Etude UCLouvain
Comment les bébés apprennent à voir après une cécité précoce
Une étude internationale menée par des neuroscientifiques de l'UCLouvain révèle que des bébés privés de vision durant leurs premiers mois peuvent malgré tout reconnaître visages, objets et mots presque normalement, après une intervention. Cette découverte redistribue les cartes sur la plasticité du cerveau.

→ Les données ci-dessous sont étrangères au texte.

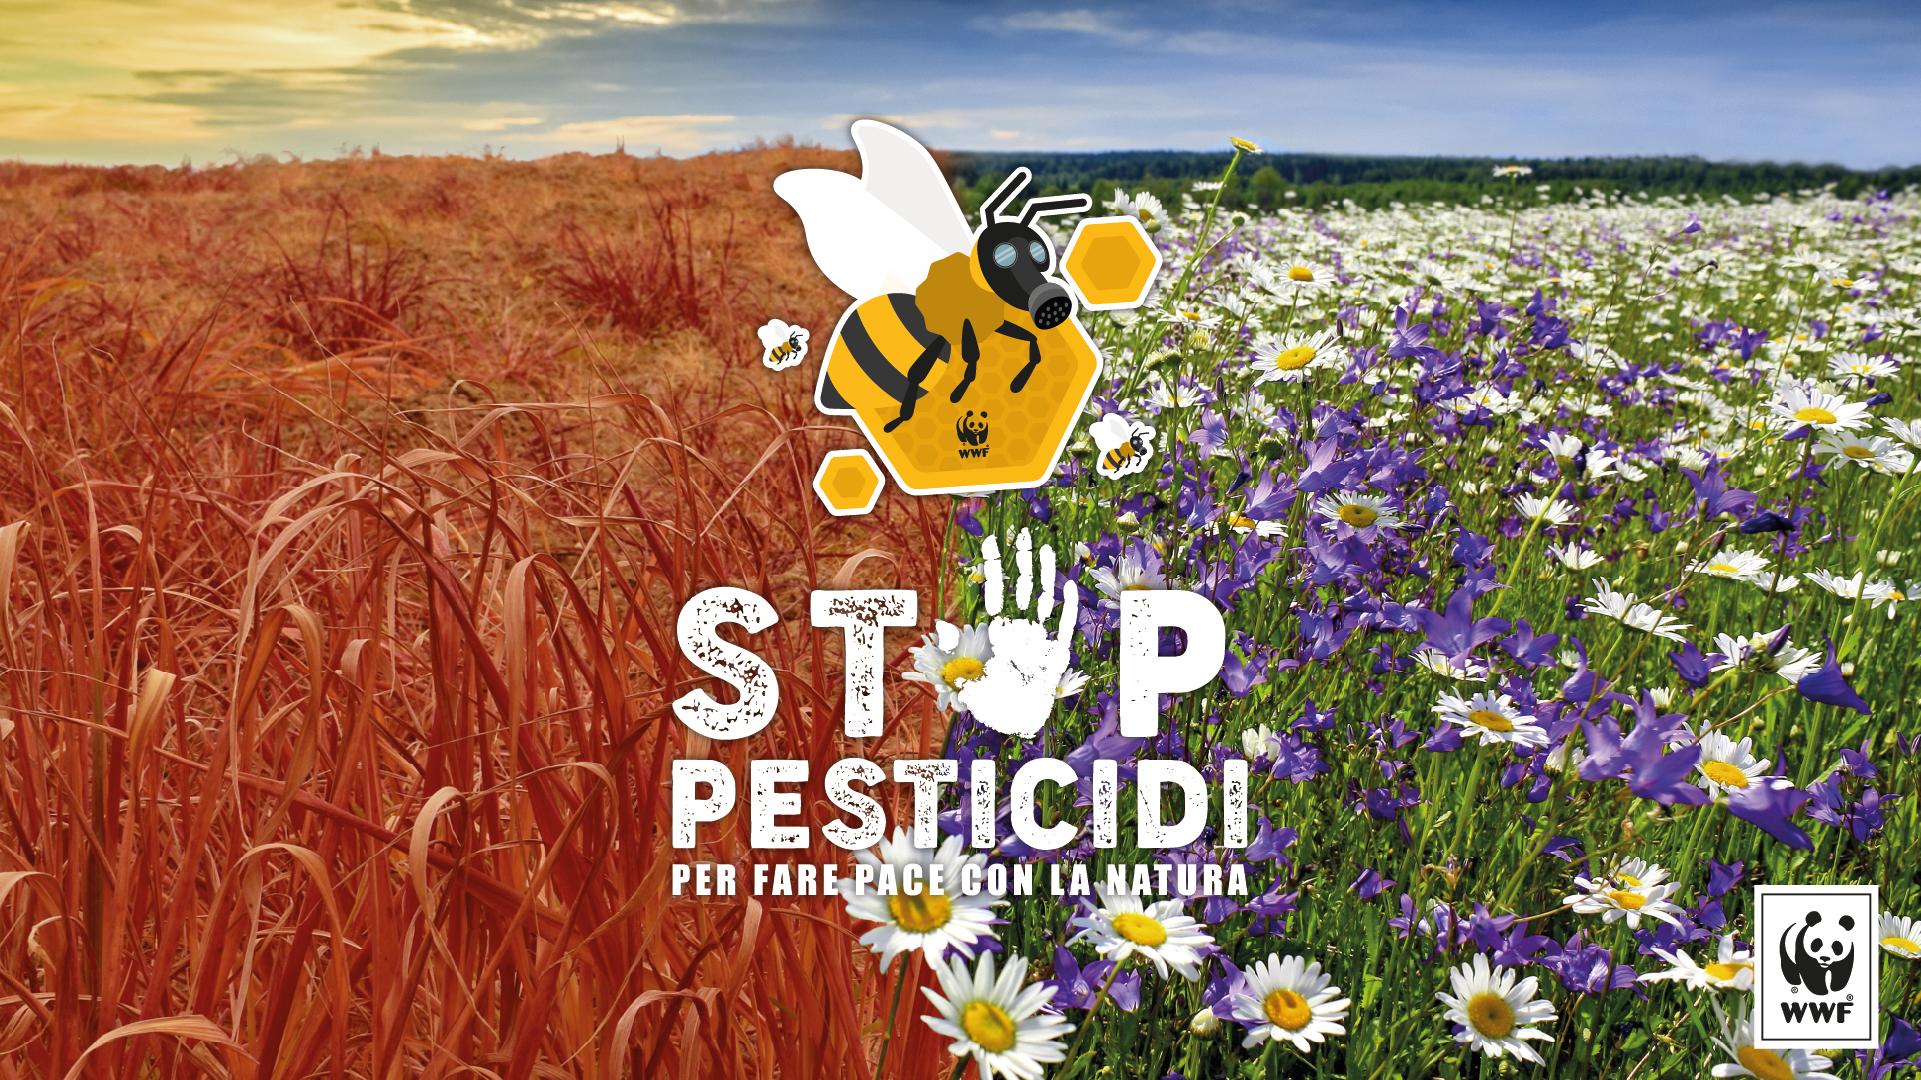 Risultati immagini per STOP PESTICIDI wwf
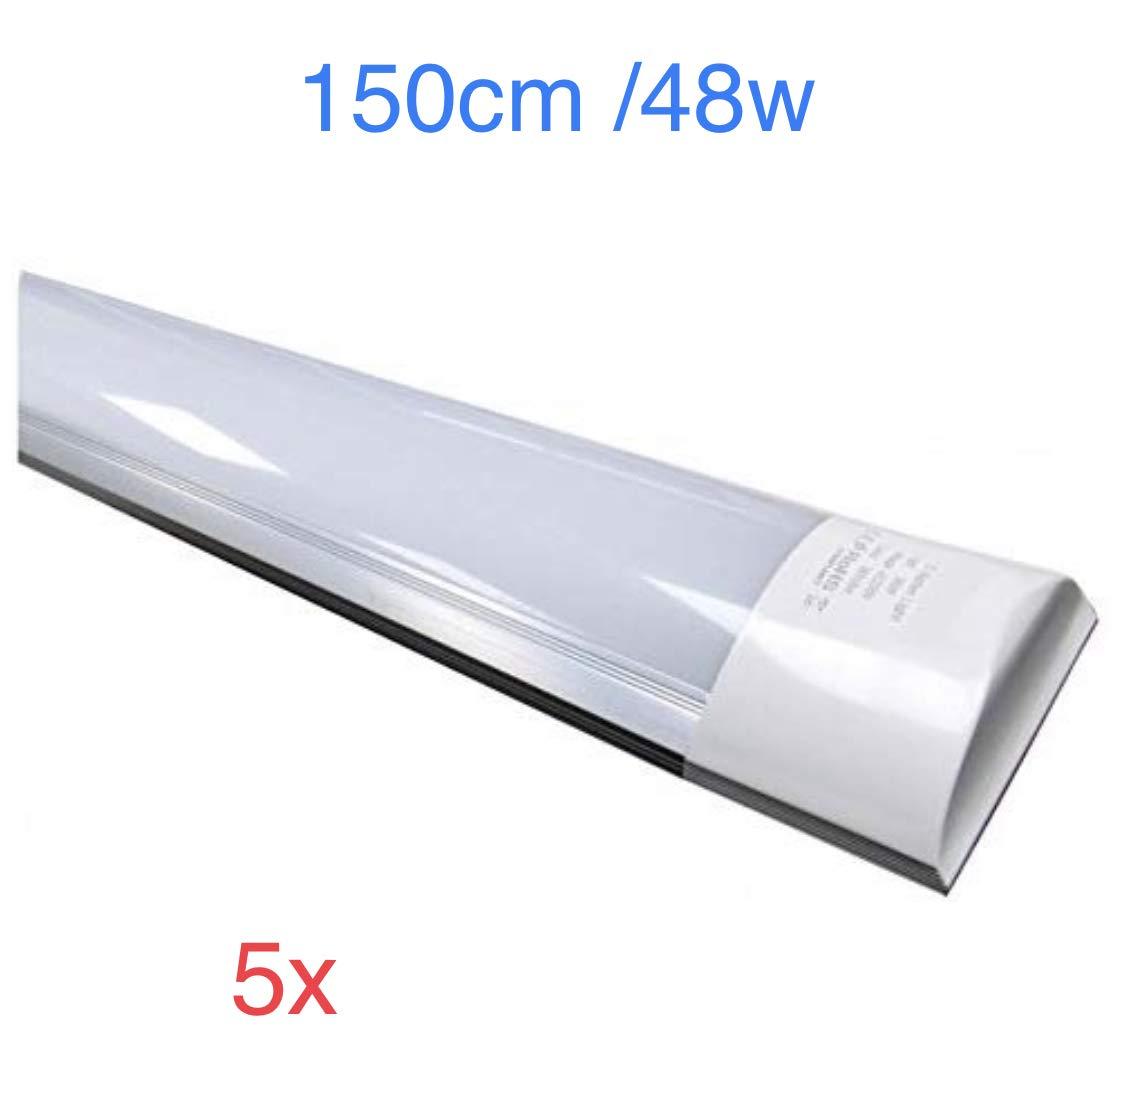 (150 cm) Display, eingebaute LED-Röhre T8, 48 W, kaltweiß (6500 K) staubdicht, entspricht 2 Größen Leuchtstoffröhren oder LED 4800 echten Lumen  Slim LED Leiste Pack 5x Kaltweiß (6500k)

En Belgique, plusieurs dizaines de bébés naissent chaque année avec une cécité précoce due à une cataracte congénitale bilatérale dense, nécessitant une opération pour restaurer la vue. L'étude montre qu'à l'âge adulte, ces personnes présentent encore une altération dans la zone du cerveau chargée d'analyser les détails visuels. En revanche, les régions impliquées dans la reconnaissance des visages, des objets et des mots semblent fonctionner presque normalement.
À l'aide d'imagerie cérébrale, les chercheurs ont comparé des adultes opérés dans la petite enfance à des personnes nées voyantes. Seule la zone spécialisée dans les détails fins (contours, contrastes) reste durablement affectée, tandis que les autres circuits visuels récupèrent étonnamment bien. Ces observations "biologiques" ont été confirmées par des modèles informatiques basés sur des réseaux de neurones artificiels.
"Le cerveau des bébés est bien plus adaptable qu'on ne le pensait", souligne Olivier Collignon, professeur à l'UCLouvain et responsable de l'étude. "Même si la vue manque au tout début de la vie, le cerveau peut s'adapter et apprendre à reconnaître le monde qui l'entoure sur base d'informations dégradées."
Cette découverte remet en question l'idée d'une unique "période critique" du développement visuel. Certaines zones se révèlent particulièrement vulnérables, tandis que d'autres conservent une remarquable capacité de récupération. Les résultats ouvrent la voie à des thérapies visuelles plus personnalisées.
L'étude a été publiée dans la revue "Nature Communications".